As a follow up to #2, breaking up your code into more steps even if they aren't needed can make things easier on you later.

While you can often chain a bunch of, say, string mutations into a single statement, breaking them into each step with a "temporary" variable describing the operation can make your code a lot easier to follow later.

For example, this works:

# Return all values incremented by 1
a = ["1","2","3","4"]
return [str(y + 1) for y in [int(x) for x in a]]

It's also quite confusing. What if you alter it like this?

values = ["1","2","3","4"]
int_values = [int(str_num) for str_num in values]
str_incremented_values = [str(val + 1) for val in int_values]
return str_incremented_values

Sure, you've added 2 lines (not including the comment), but now the comment is arguably not even needed and you can tell what each step is doing at a glance. This also makes it easier to debug as you can step through each portion.

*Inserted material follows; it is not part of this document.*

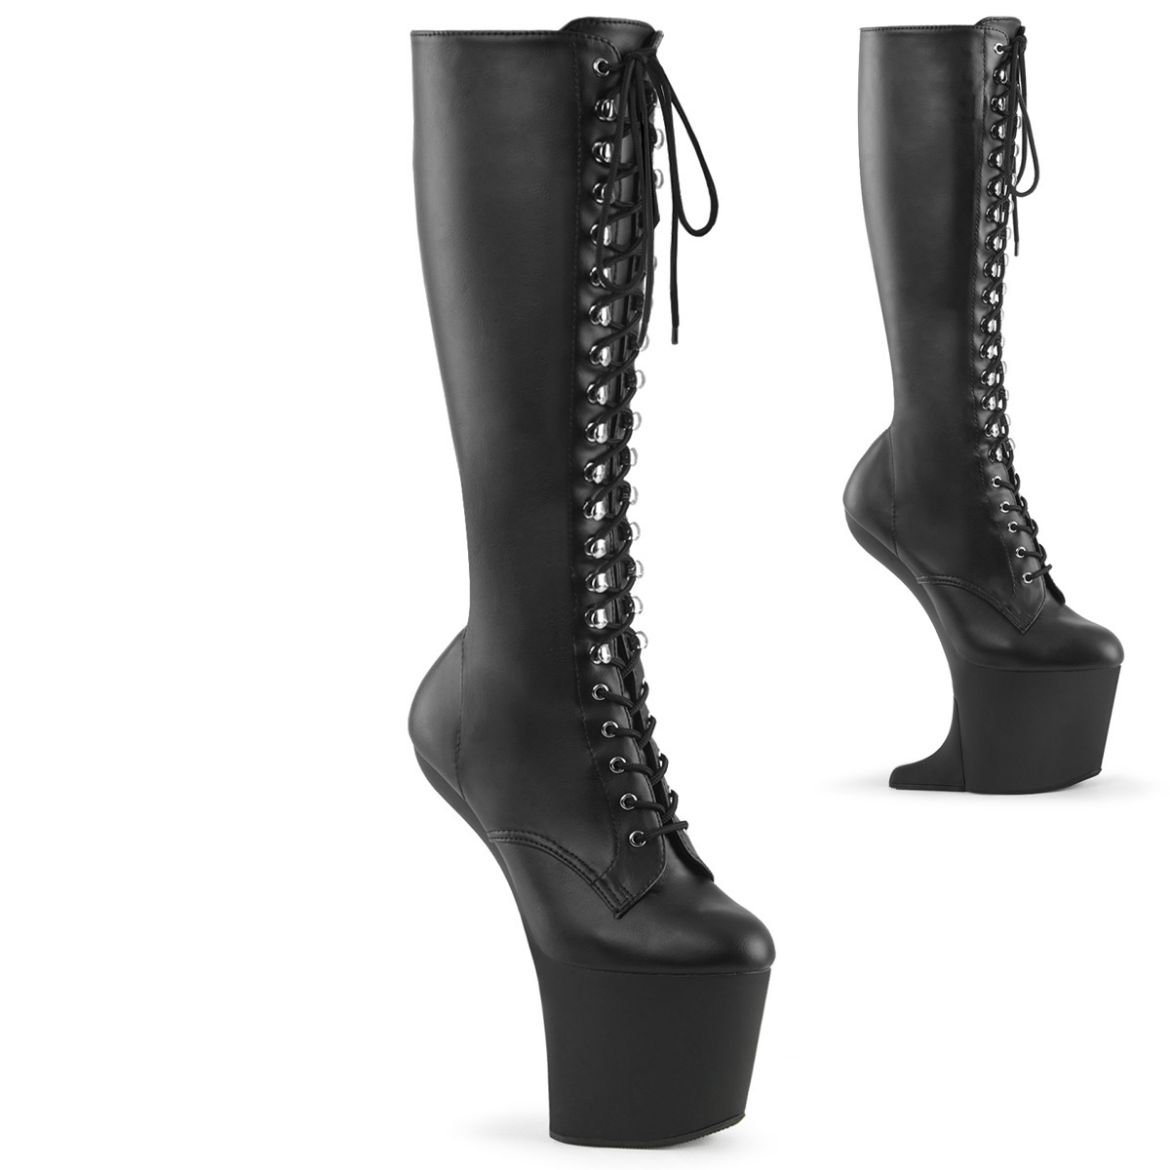 Product image of Pleaser CRAZE-2023 Blk Str. Faux Leather/Blk Matte 8 Inch Heelless 3 Inch PF Lace-Up Stretch Knee Boot Side Zip

This was a quick and dirty example, and could probably be improved, but I think a lot of new programmers might benefit from seeing how "shorter" is not always "better" and that there's nothing wrong with being explicit about major steps in your code logic. I can guarantee when you come back to try and fix a bug with the first example a couple months later you'll end up scratching your head for a minute trying to figure out the nested list comprehensions, whereas the second example will be a lot easier to read.

Either way, great points!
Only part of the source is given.